In a sense every established organ of government does represent the people in some degree and some capacity, but there is obviously no implication that representation has anything to do with voting and still less that voting is a right inherent in every person. The people is an entity quite different from the persons who happen at any given time to be Included in It.

At the same time some essence has been preserved from the ancient doctrine that law is an impersonal reason and that in consequence there is a broad moral distinction between lawful government and successful tyranny. Even though the former be often bad and the latter sometimes efficient, subjection to law is not incompatible with moral freedom and human dignity, while subjection to even the kindliest master is morally degrading.

The Roman law preserved the spirit of Cicero’s striking phrase:

We are servants of the law in order that we may be free.
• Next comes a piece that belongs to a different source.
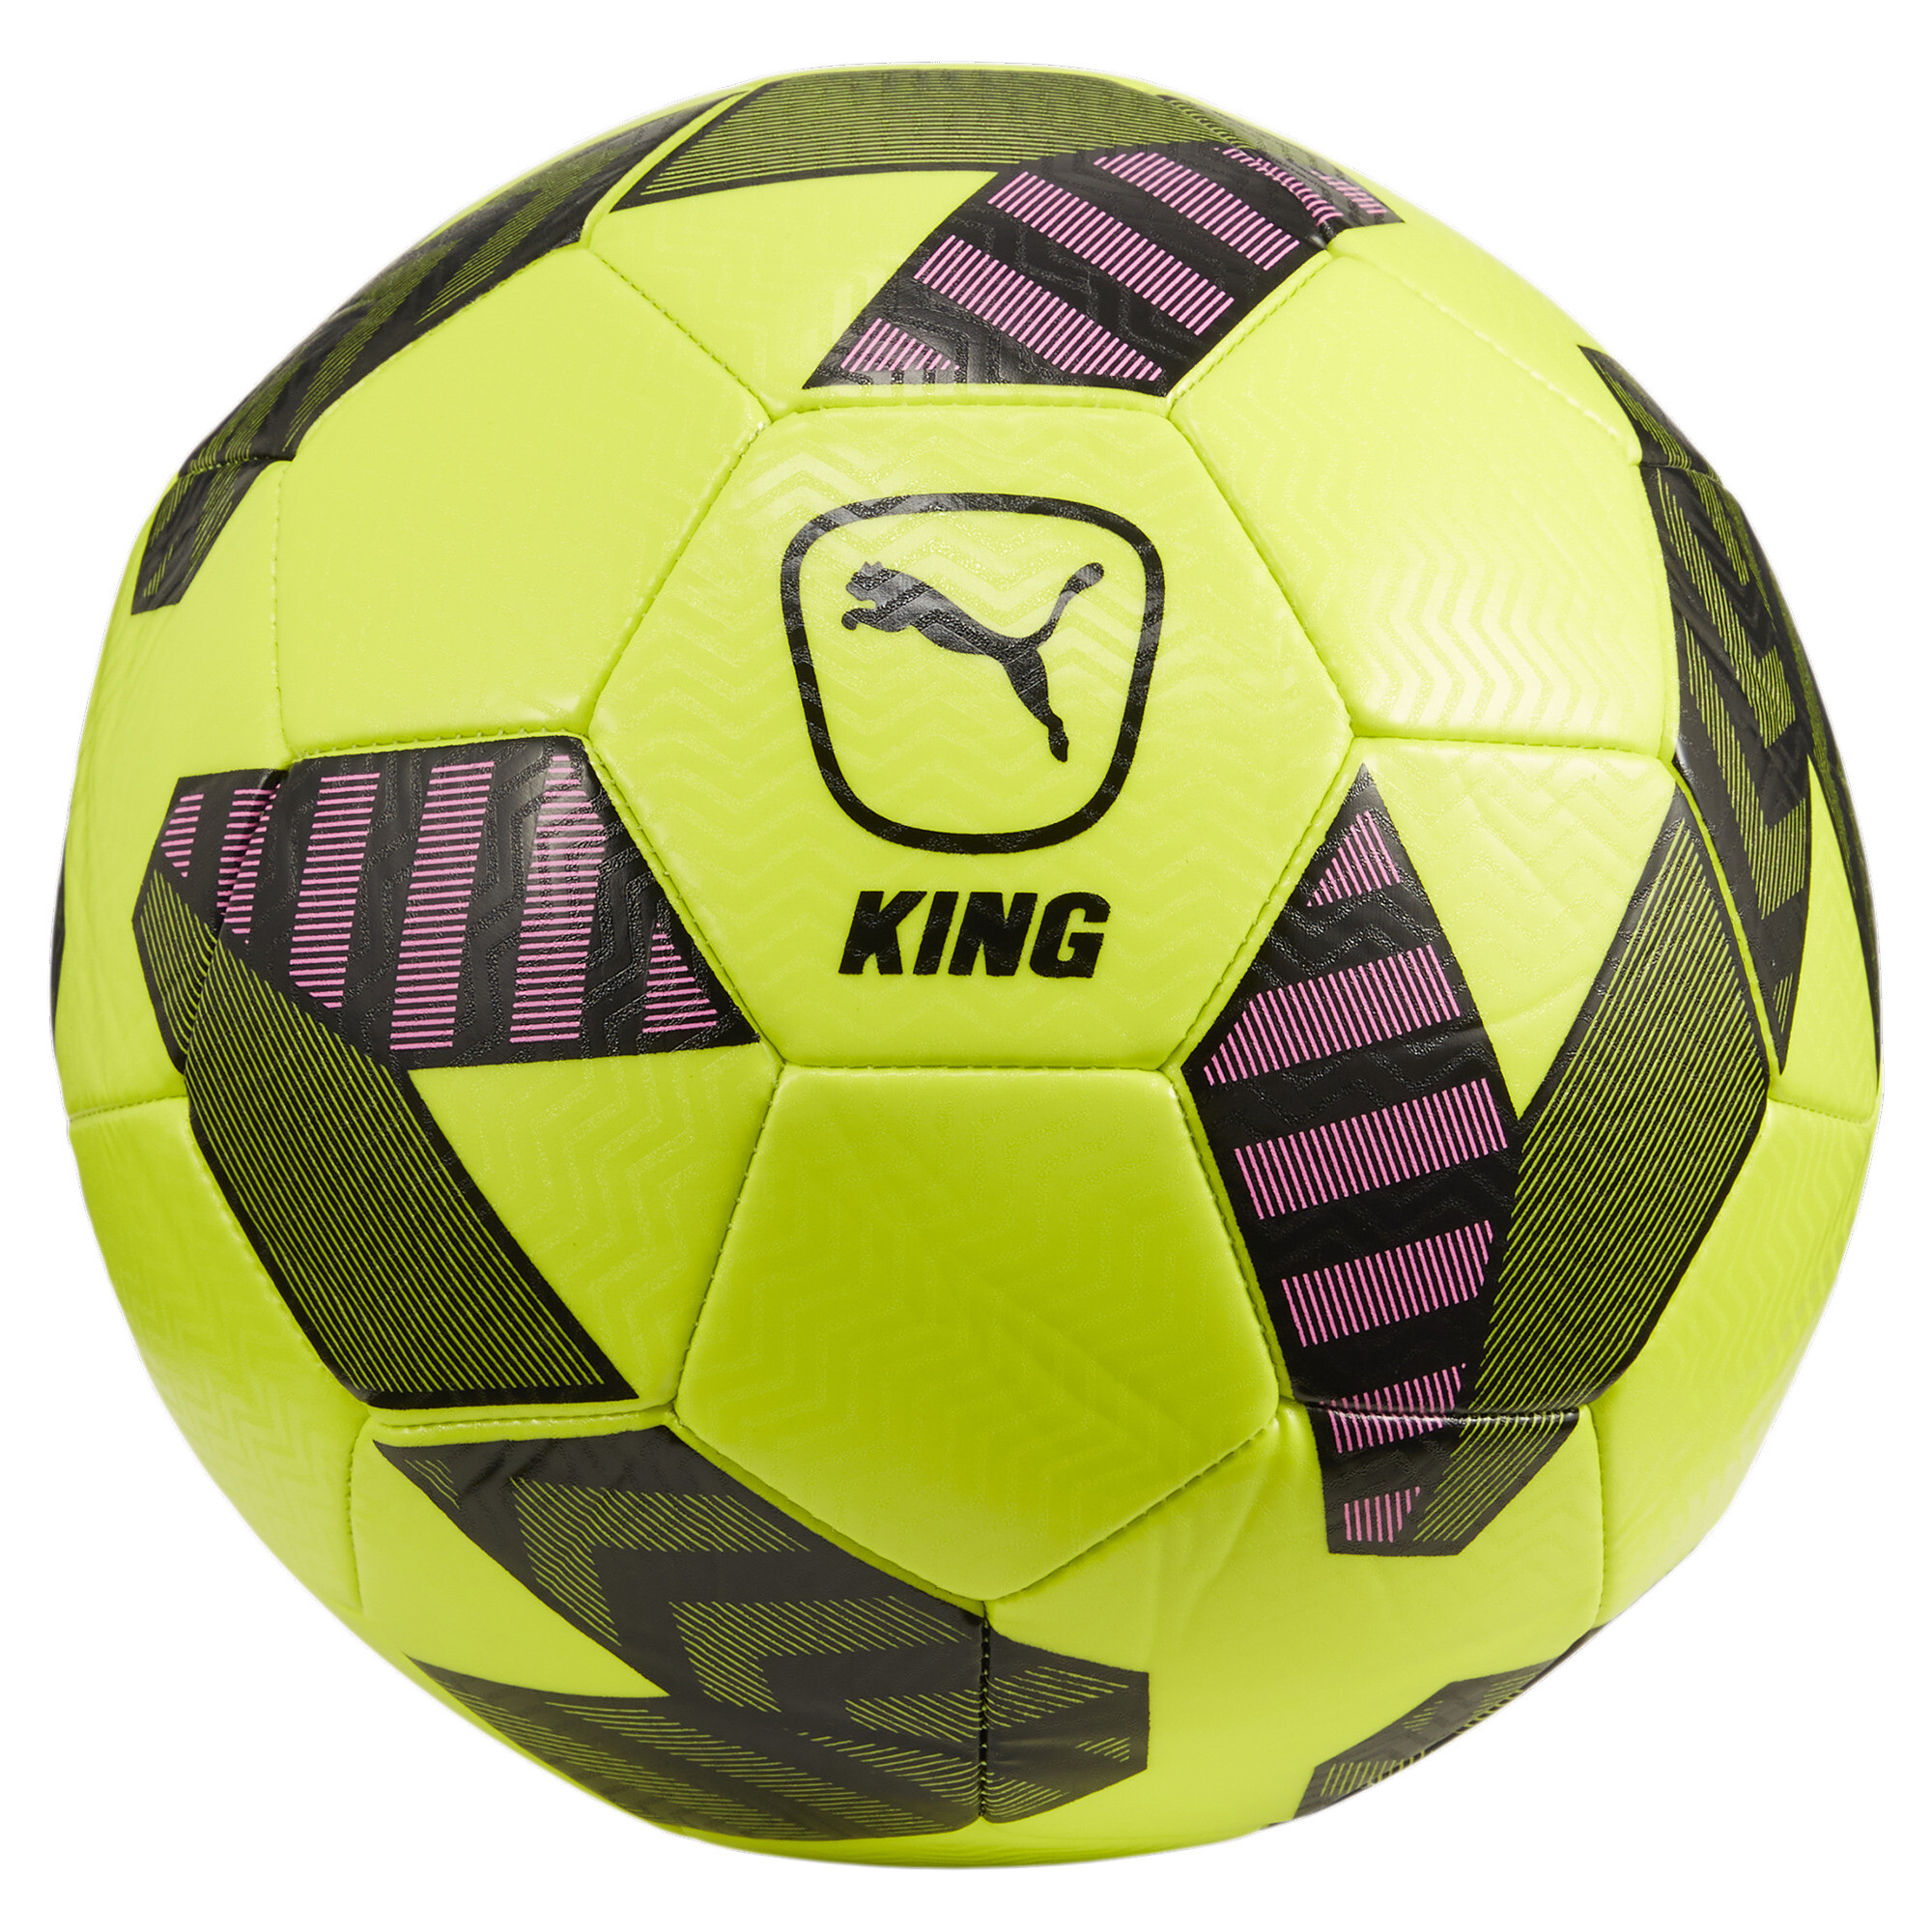 Puma King Football, Green, Size 4, Accessories

And indeed, there is no more astonishing evidence of the strength that this conviction had come to have in European morals than the fact of its preservation in a system of law which reached its maturity at a time when the personal power of the Emperors was often unlimited and when their authority rested frequently on nothing better than force.

Yet the fact remains that in the long run the ideal embedded in the law was a permanent factor in European political civilization-a distillation from the old free life of the city-state-which was able to endure through and beyond an age in which all the servility of oriental despotism had apparently been transplanted to Rome.